The RPV (Reactor Pressure Vessel) of a nuclear reactor is a key issue in its safety assessment. This vessel is a primary loop barrier and contains the nuclear fuel. During reactor operation the RPV is subject to severe conditions (gamma and neutron radiation, temperature gradients), which gradually degrades the vessel.
The main damaging mechanism is the material embrittlement due to its exposure to (fast) neutrons. The embrittlement of the RPV is the limiting factor for the lifetime of the reactor. Therefore all modern nuclear reactors are equipped with a set of RPV surveillance capsules containing representative steel specimens (to investigate the material degradation) and neutron dosimeters (to determine the neutron exposure responsible for the degradation).
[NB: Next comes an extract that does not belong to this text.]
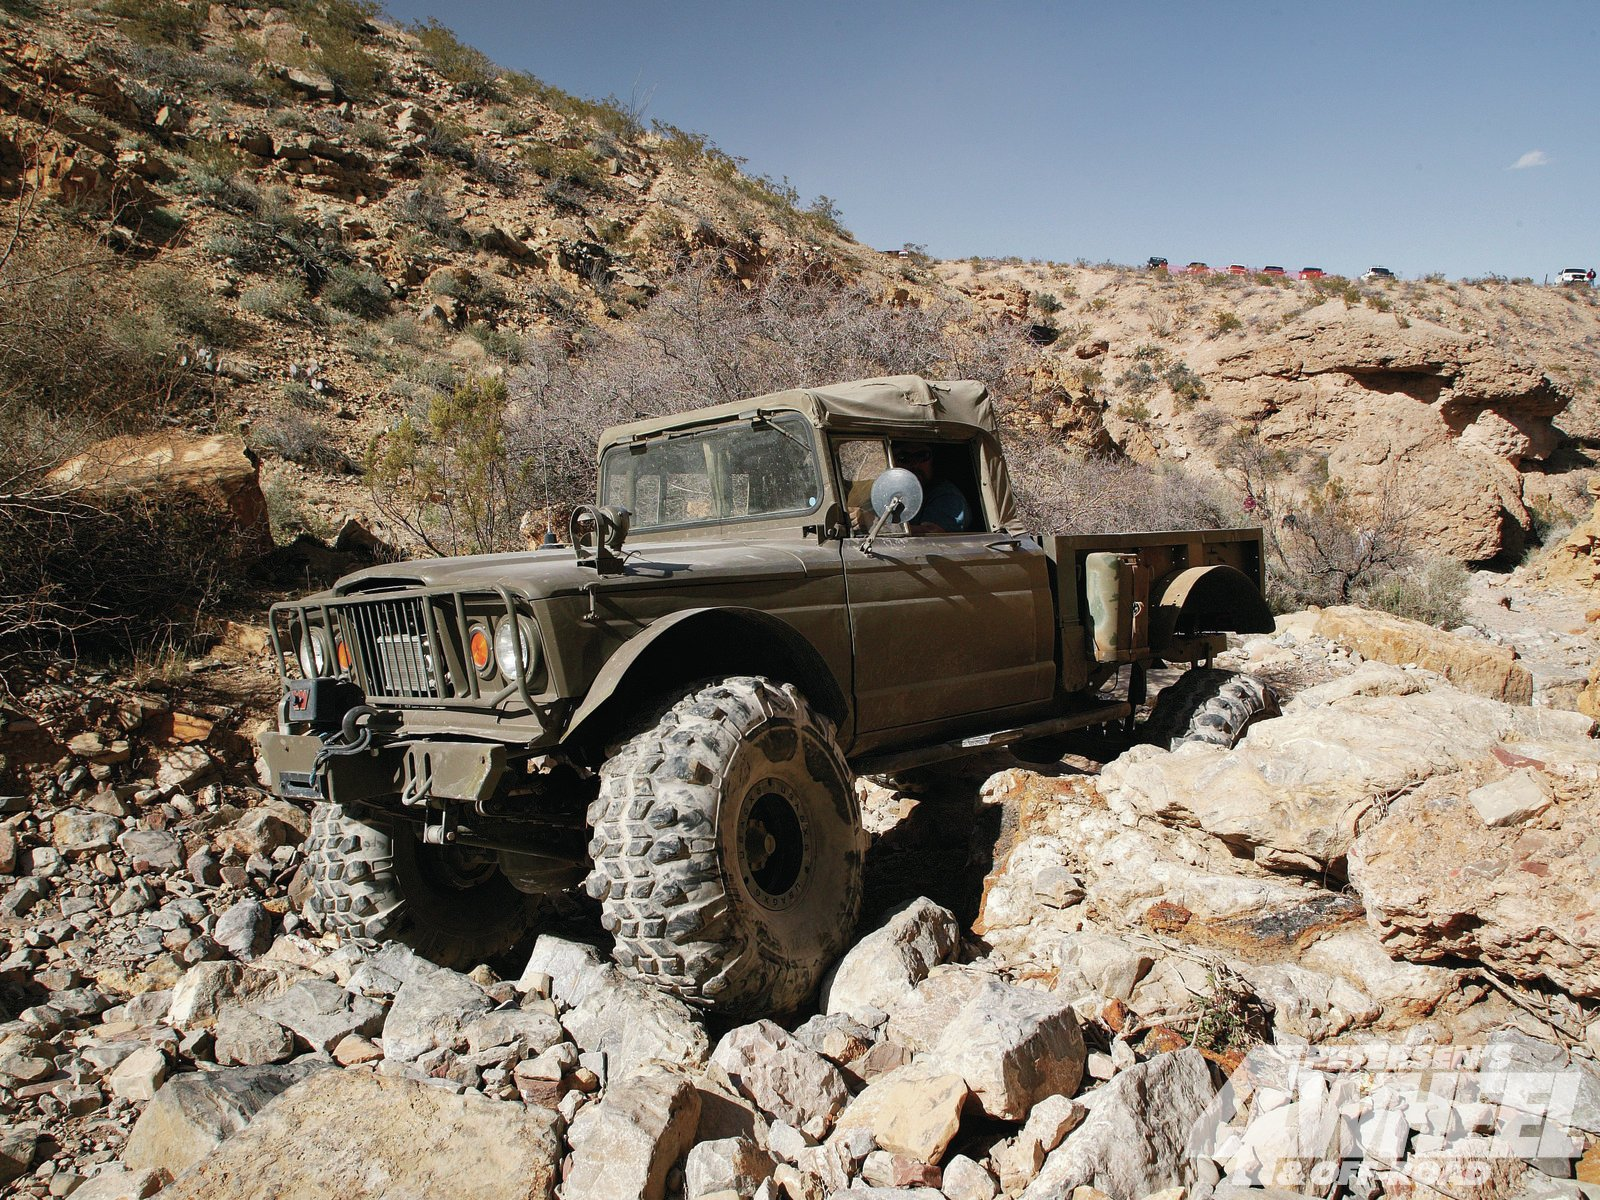 Thumb on Kaiser Military Vehicles

The capsules are introduced close to the RPV before the reactor start and dismantled and analysed on a regular basis during its lifetime.
Reactor dosimetry thus aims at determining the neutron fluences that were present at the RPV during the reactor operational lifetime. This information can be obtained from the measured activity of the irradiated neutron dosimeters and the detailed RPV irradiation history (including neutron spectrum calculations).
An important activity in the field of reactor safety is the irradiation of materials. For existing reactors with an inadequate RPV surveillance programme so-called advanced material testing irradiations in high-flux reactors are sometimes required. Also, new types of material or nuclear instrumentation need to be tested in high neutron fluxes for its possible application in next generation reactors. Although neutronic calculations are mostly performed for such experiments, they should always be equipped with neutron dosimeters for an accurate determination of the neutron flux or fluence (time integrated flux).